A one-pot, direct reductive acetylation of aldehydes was achieved under mild conditions using 1-hydrosilatrane as a safe and easily accessible catalyst. Described herein is a facile synthesis that produces acylated primary alcohols that can serve as valuable building blocks for organic synthesis. The method has good functional group tolerance and works for a range of aryl aldehydes, with the notable exception of electron-rich arenes. A library of esters was isolated by flash chromatography in yields as high as 92%.

The traditional approach for the synthesis of acylated alcohols from aldehydes proceeds via reduction to an alcohol followed by an acylation reaction.[1] Alternatively, reductive acylation is a simple method of obtaining acylated alcohols directly from ketones and aldehydes.[2] [3] Such methods find utility in two distinct ways: (1) the synthesis of industrially useful or naturally occurring esters (e.g., polyesters or triglycerides, respectively),[4] or (2) the one-pot synthesis and protection of alcohols as synthetic intermediates (e.g., benzyl ester and acetyl groups).[5] Transforming carbonyl-containing compounds directly into acylated alcohols – as opposed to performing these tasks stepwise – improves the efficiency of multistep synthetic procedures by reducing the required time and energy, as well as the chemical waste produced. Furthermore, the acetate products can be deprotected to their corresponding alcohols under mild conditions.[6] [7]

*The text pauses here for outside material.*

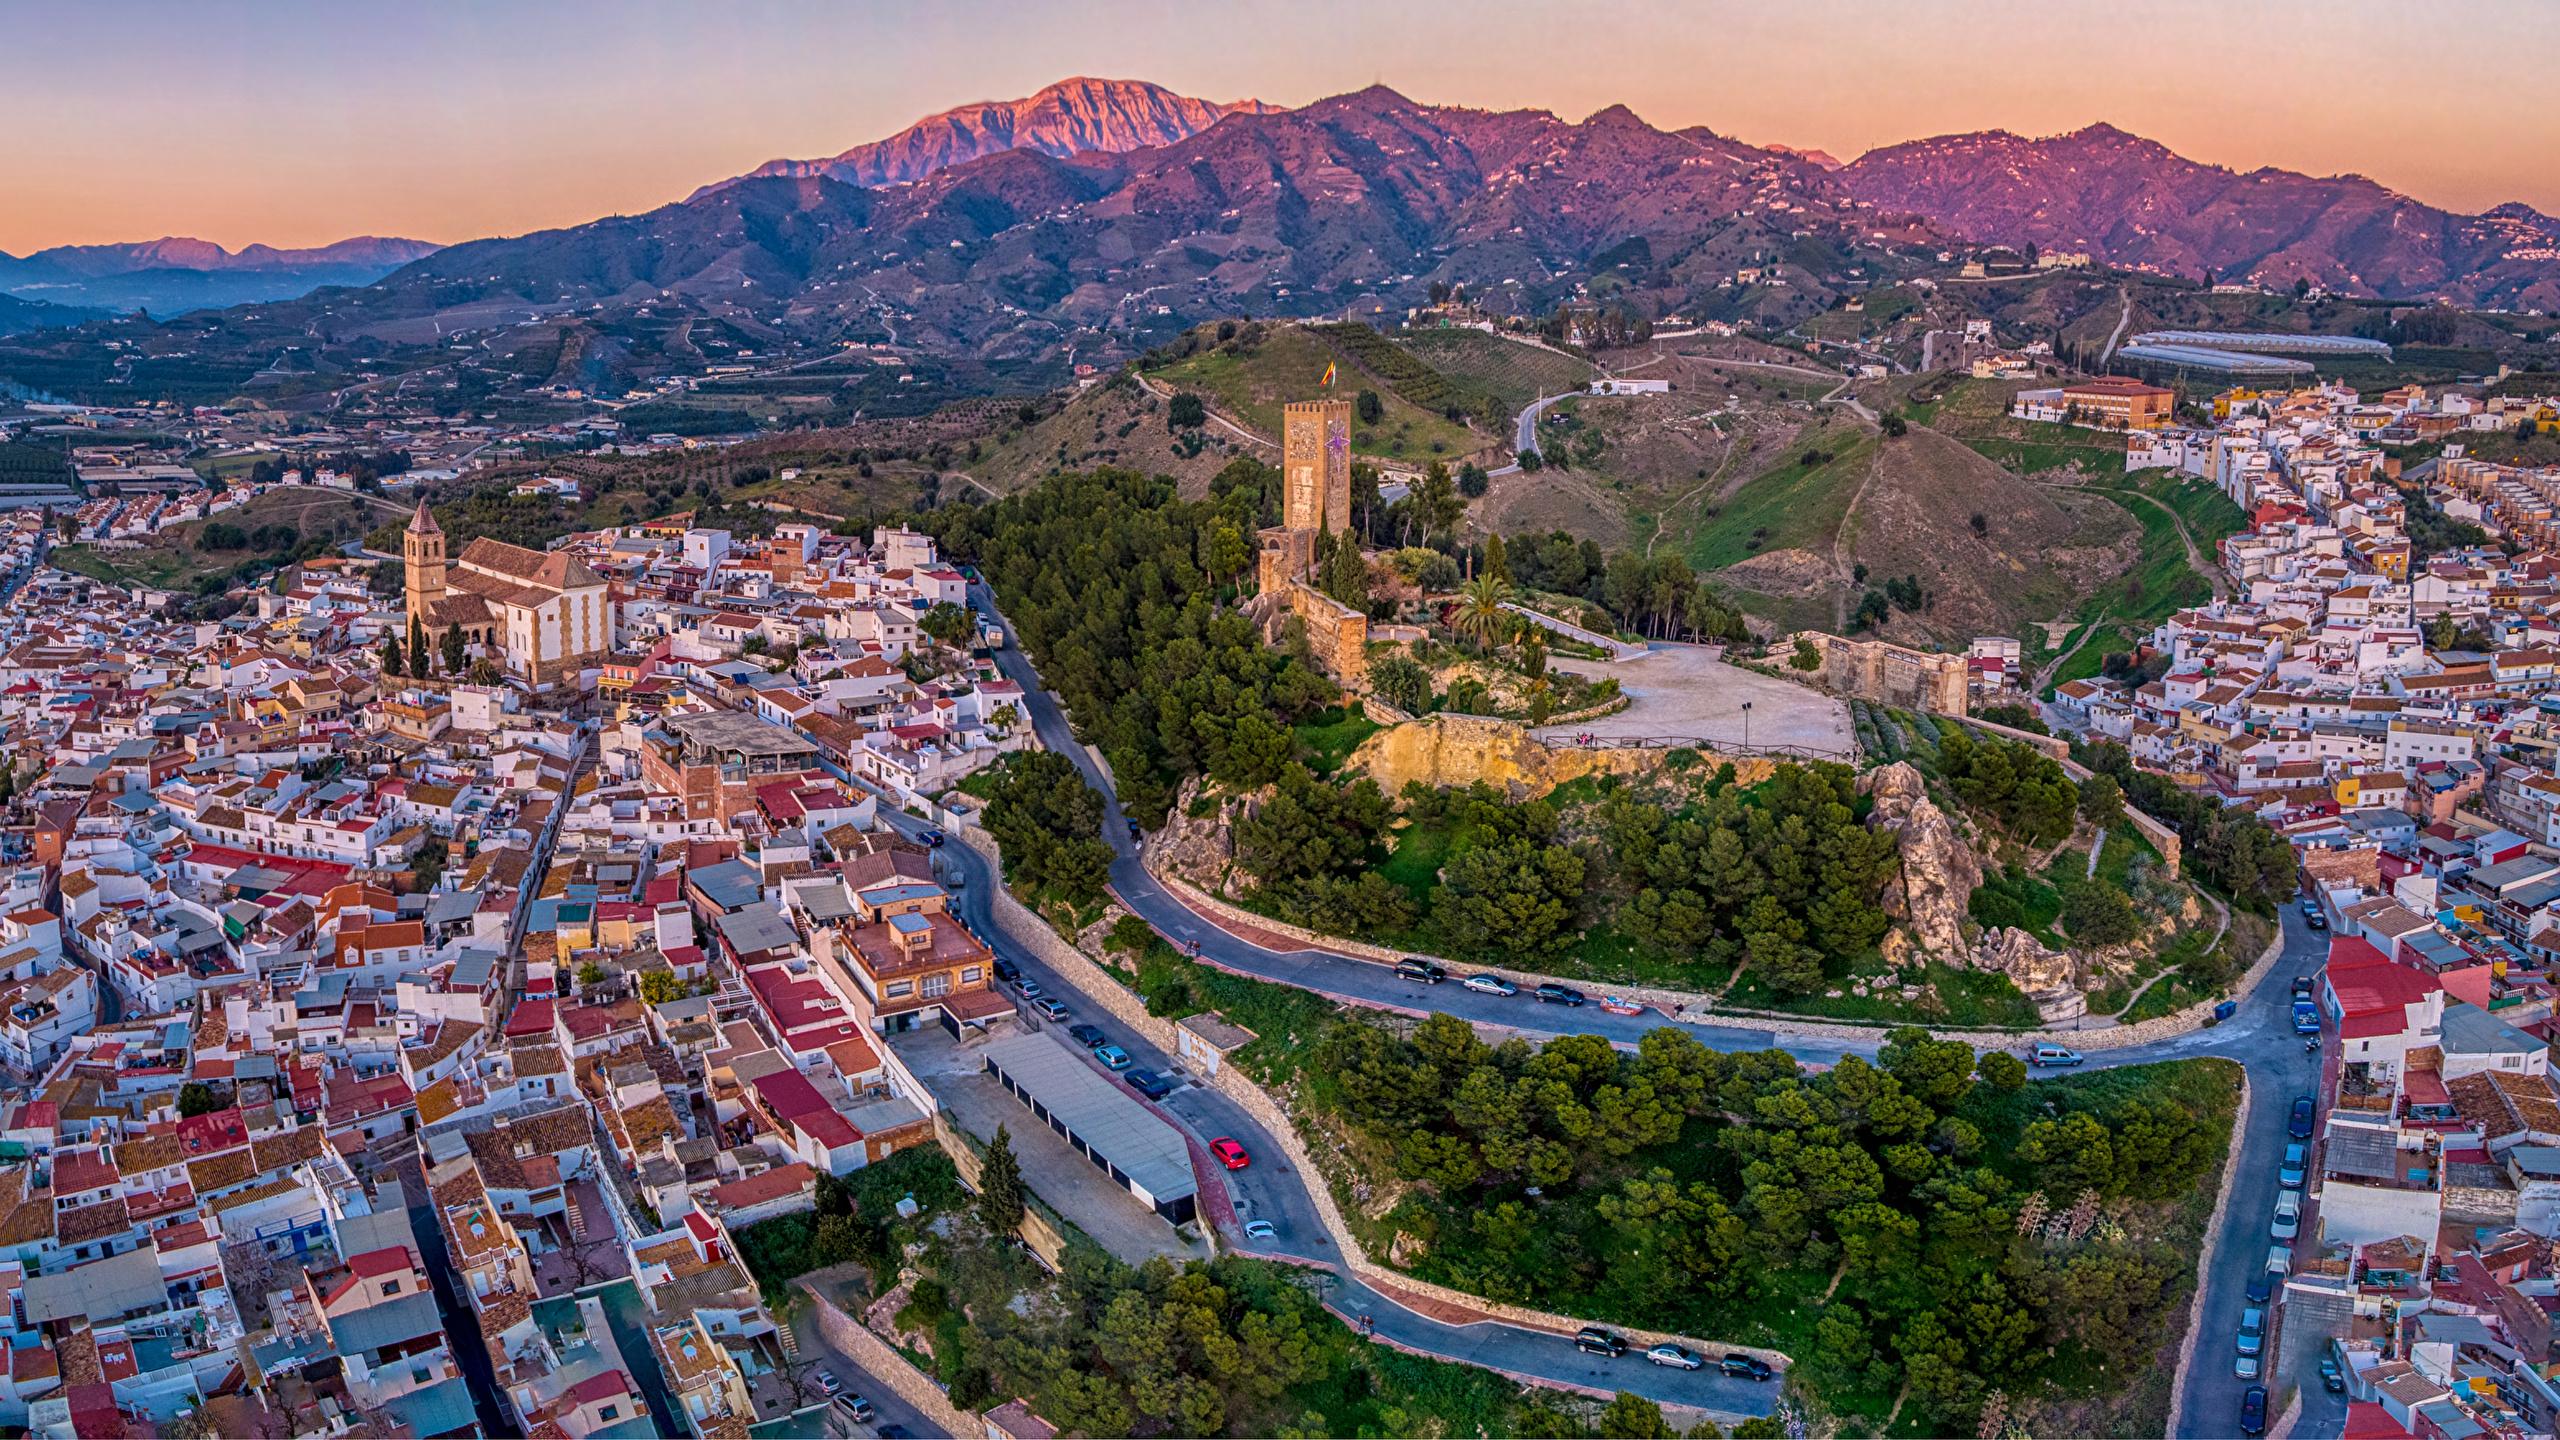 Картинки Испания Malaga холмов Дороги Сверху Дома Города 2560x1440 холм Холмы город Здания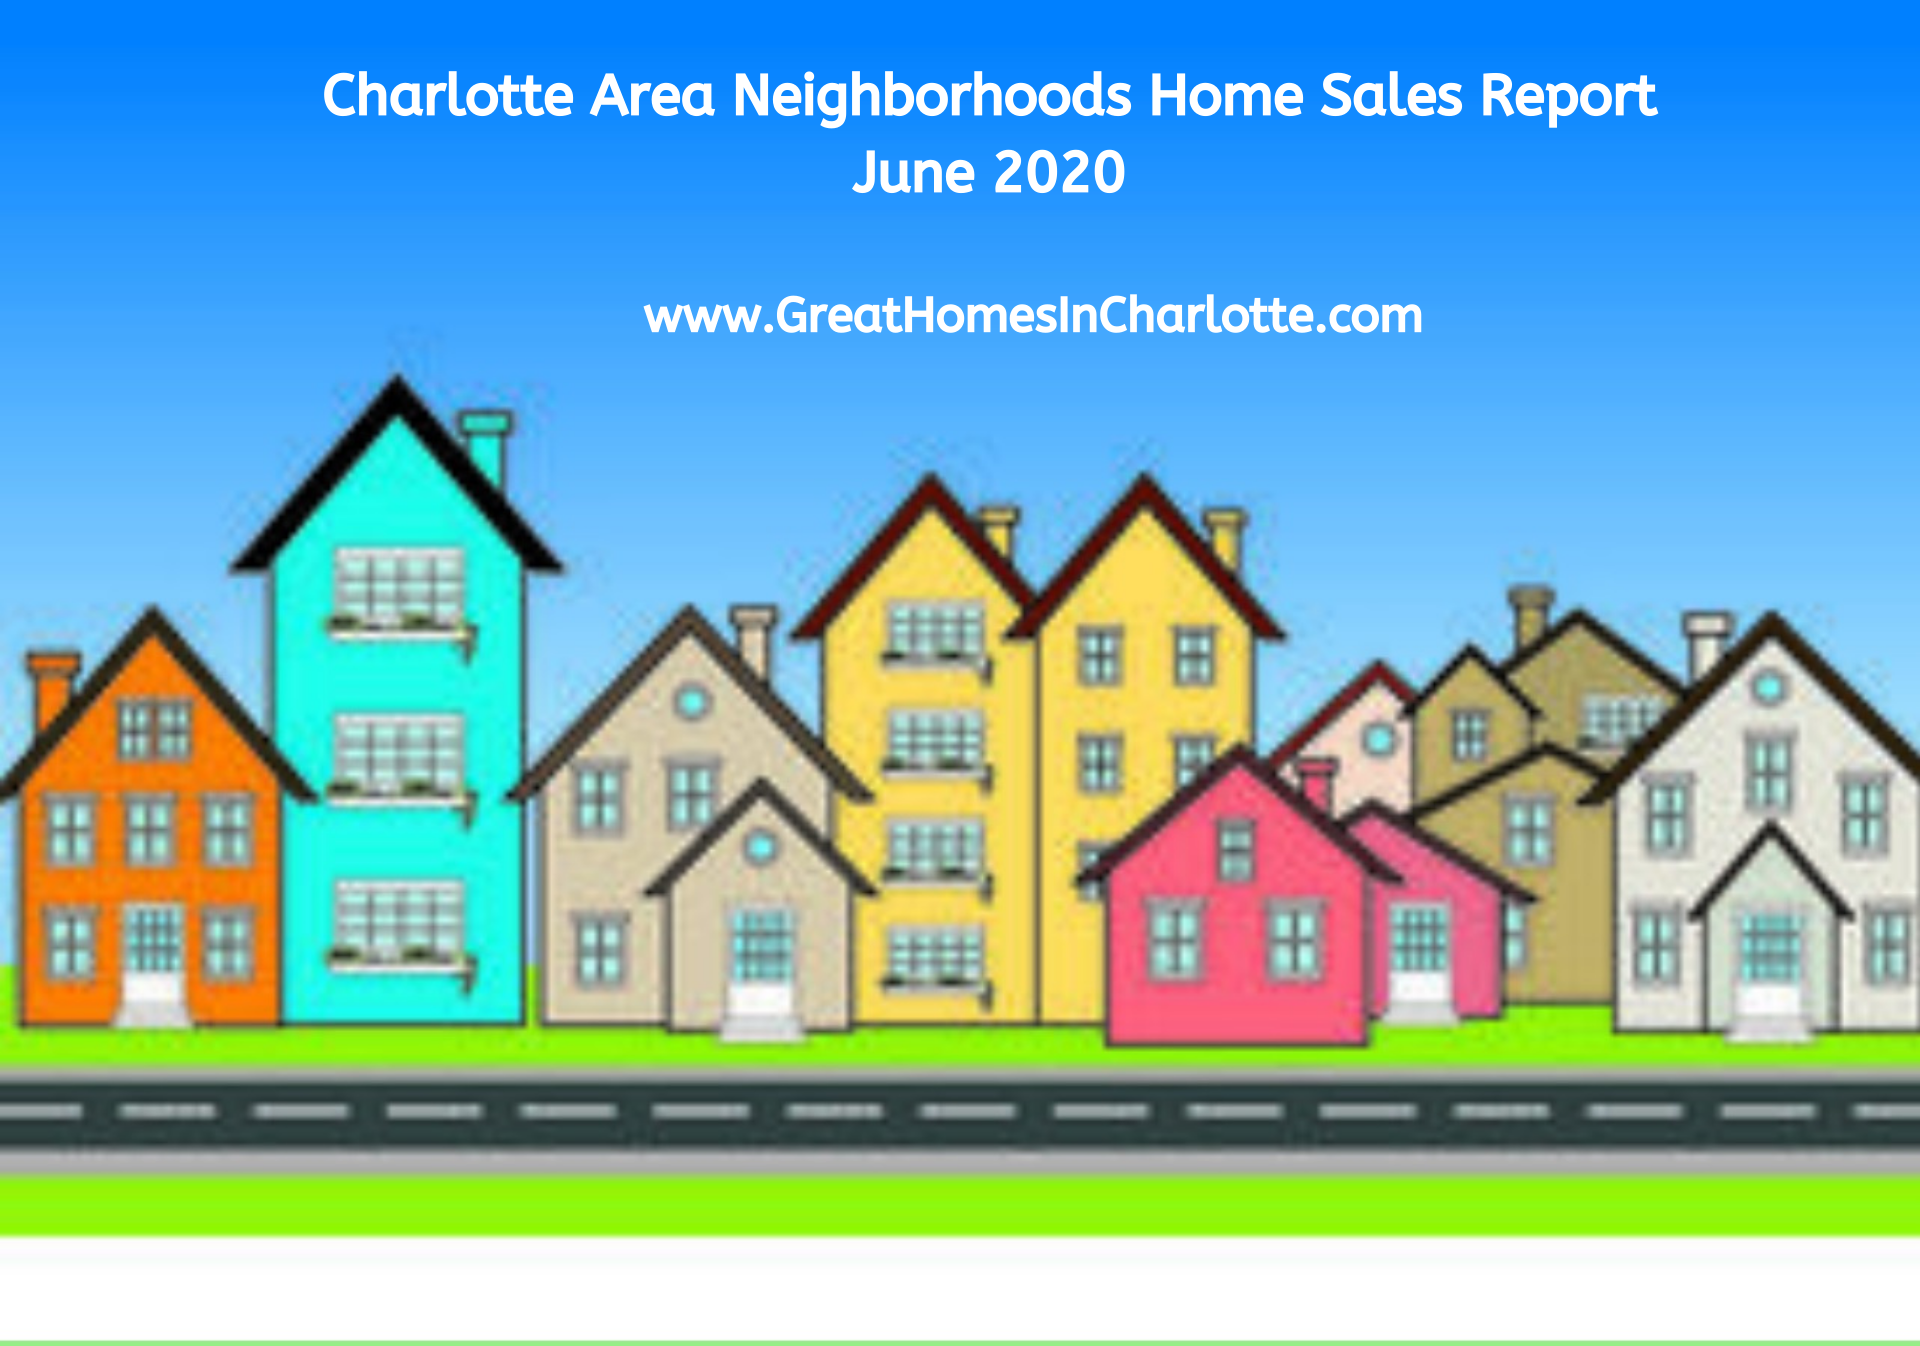 Hottest Selling Charlotte Area Neighborhoods In June 2020

There are existing methods for reductive acylation, many of which involve transition metals.[8] [9] [10] [11] [12] Metal-free reactions offer significant advantages (reduced environmental impact and cost, and increased accessibility); however, transition-metal-free approaches to reductive acetylation are rare.[11] The general mechanism for polar reductive acetylation is as follows: the π-bond of the carbonyl of interest (i.e., an aldehyde or ketone) is reduced and further functionalized in situ via either esterification with carboxylic acids or transesterification with another ester.[4] The more explored approach is the second one, using weak reducing agents such as NaBH₄ and ZnBH₄ in the presence of an ester, most commonly ethyl acetate that doubles as the solvent.[2] [3] [9] [10] [13] In the case of the first approach, there is a logistical hurdle to overcome. The most common and efficient way to form an ester directly from a carboxylic acid is via Fischer esterification.[14] However, the Brønsted acid required for this transformation is not compatible with most hydride reducing reagents.[15] Alternatively, one could imagine achieving esterification by using an activated carboxylic acid, such as an acid chloride,[16] but such highly electrophilic species competitively react with any hydride reagent capable of reducing an aldehyde or ketone.

In contrast to common boro-, alumino-, and zinc hydrides, organosilicon hydrides such as triethylsilane not only tolerate acidic conditions but, in some cases, require acidic conditions to act as reducing agents.[17] [18] This makes organosilane hydrides potentially useful reagents for applications in reductive acylation of aldehydes and ketones. Triethylsilane in the presence of trifluoroacetic acid has been shown to promote reductive acetylation of aldehydes in moderate to good yield; a significant disadvantage of this unoptimized method being that a substantial proportion of deleterious ether side-product also forms in many cases (Scheme [1a]),[19] which is fairly common in acid-catalyzed reductions using hydrosilanes. This finding, however, demonstrates a potential path forward for direct reductive acylation.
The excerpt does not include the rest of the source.